The shallowest love we employ is a selfish, love-myself-INSTEAD-of-others kind. But before we start pointing fingers at those we consider examples, we must confess we all start there. At birth, we cry to get what we want. And we “love” those who do our will. Sadly, some seem never to outgrow this form of ego-centric, need-satisfaction-based love, a strictly utilitarian application of affection. What’s in it for me? Romantic lovers are often accused of loving in order to get sex, or security, or children, or – you name it. But face it, we have all used the Love Hook to get other needs met, as well. An acquaintance I once knew was outraged when the family she “adopted” one Christmas failed to be sufficiently grateful for her charity. Suddenly, the poor children she loved so much as she wrapped their presents were the target for condemnation. Her expectations were not met. In other words, she didn’t get what she wanted from the transaction. We learn that selfish form of love early. However, we can learn to go for that app less often. When this kind of love fails us – and it will – we have an opportunity to go deeper, to discover that putting a hook in love keeps us infantile. We can do better.
A second “app” that gets a lot of use – even though it misapplies important principles of love – is the “Love-others-INSTEAD-of-yourself” application, one that masquerades as the Christian understanding of love. In this approach to loving, the person places him/herself last, thinking this is the self-sacrificing action required to be authentically loving. At its most perverted, this kind of lover loves others because she believes herself unlovable and/or he feels undeserving of love. So everyone else’s needs come first, and I must serve because others deserve it more than I do. And if I totally focus on the other, maybe I can trick this one into thinking I deserve to be loved, even though I really don’t. Again, this approach is certainly a more positive choice than hating others and seems more constructive at first, especially to the ones receiving the love gift. However, love applied in this fashion is not healthy – either for the recipient (who usually senses there is a hook called “guilt” in that bait somewhere) or for the lover (who eventually will feel put upon and Unappreciated). This behavior when identified is usually called the “martyr complex.” And, while there are many noble Christan lovers who are admiringly labeled “martyrs,” their sacrifice of blood did not come from a place of low self-esteem or from a place of manipulation and control. This form of “buying” love with our behavior is another form of love that fails time and time again. Parents often get trapped in this format. They expect children to be grateful for the sacrifices they have made – yes, out of love. But what kind of love is it that feels disappointed when the return on the investment wasn’t as anticipated? I read once that we don’t love our children in order to get them to love us, but in order to teach them how to love others.

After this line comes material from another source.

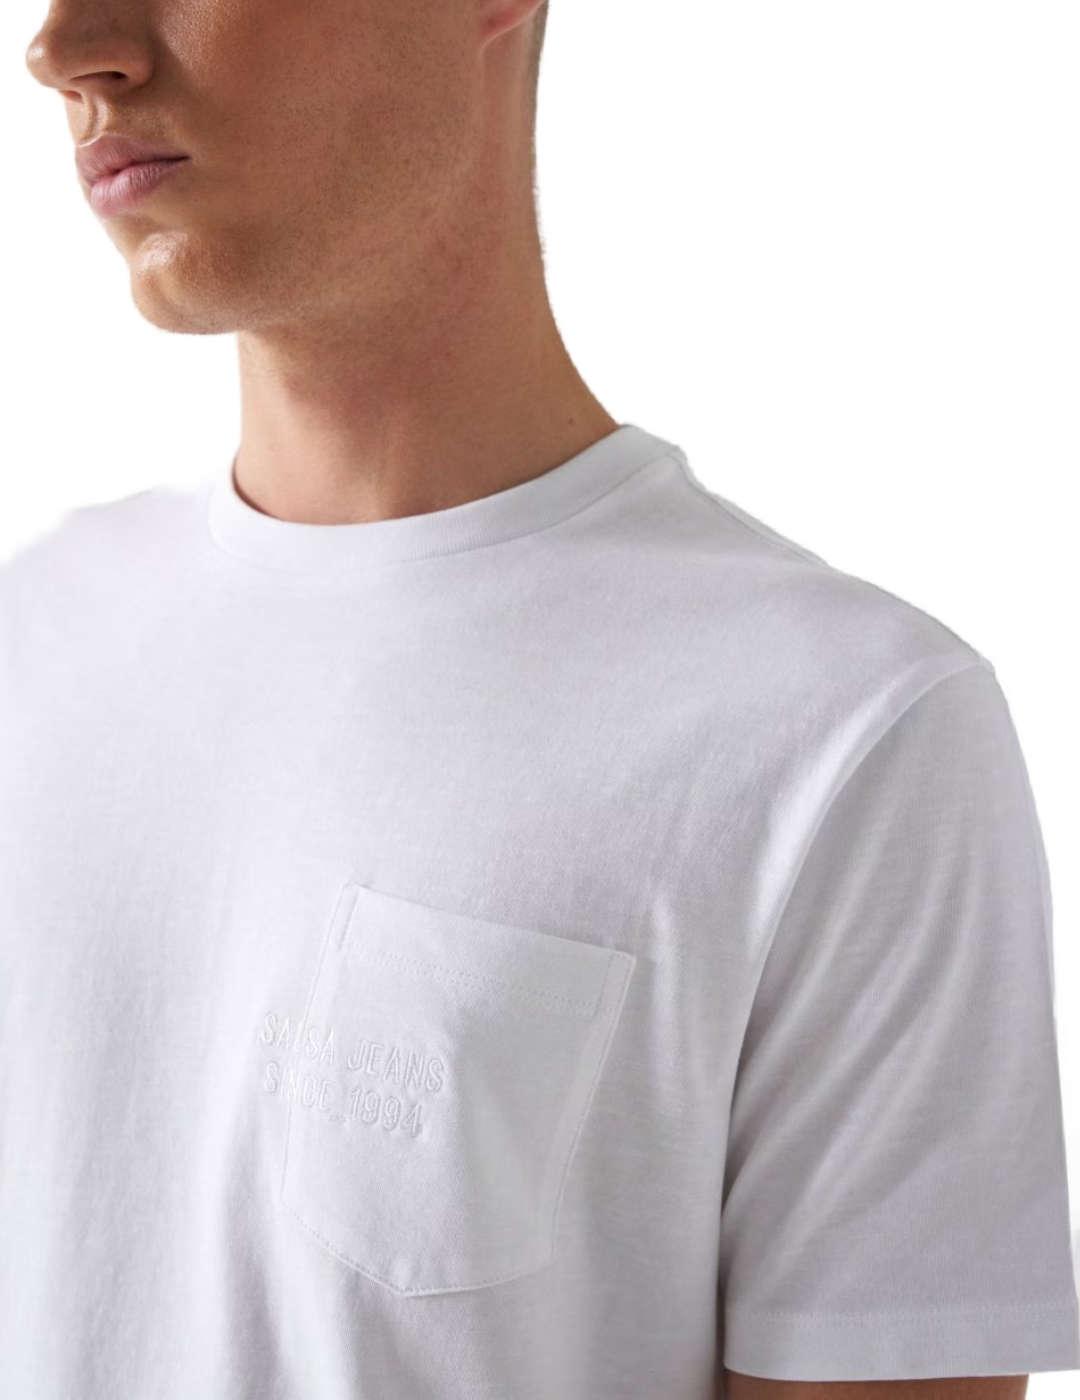 Camiseta Salsa con tinte vegetal blanca manga corta hombre

Which brings us to the third love “app” – the application that, I believe, is the healthy, joyful, best use of the word “love” – the loving-others-AS-OURSELVES” approach. In other words, I am instructed to love myself authentically – to recognize my needs and act appropriately to satisfy them, to have the understanding that I am lovable and capable and important – just like everyone else. Jesus never asked anyone to give up what they didn’t already possess. Before I can “lay down my life for a friend,” I must first truly possess a sense of my own value. There are those who see the Jesus message in the light of martyrdom, of sacrificing self for a “cause” in order to accomplish something. And that application is certainly there. But what they miss is the sweating blood moment beforehand. Jesus didn’t really WANT to die. He CHOSE to – even with the uncertainty of whether others would get the message he was delivering or not. Counseling folks who found marriages crumbling, I have often heard desperate pleas to get the estranged loved one to stay or to come back. Generally, that marriage has been the result of love application #1 or #2. For, as Anne Morrow Lindbergh wrote, “Him that I love I wish to be free – even from me.” That is truly love without a hook in it.
God knows the condition necessary for human beings to grow is the freedom to choose. That God-given freedom is what life in this world provides – not freedom from limits, but freedom to choose our responses within them. How to love is one of our choices. I believe we employ God’s gift best when we seek to offer unconditional love. Yet we continue to choose other cheaper versions of the love concept because app #3 is so costly. God has completely demonstrated perfect love for us. Did God chose the path of sacrifice to seek our love in return? No. Jesus’ sacrifice was God showing us how to love others.
Maybe my mother’s favorite saying should be modified slightly: “When love fails, examine the Source, then double the dose.”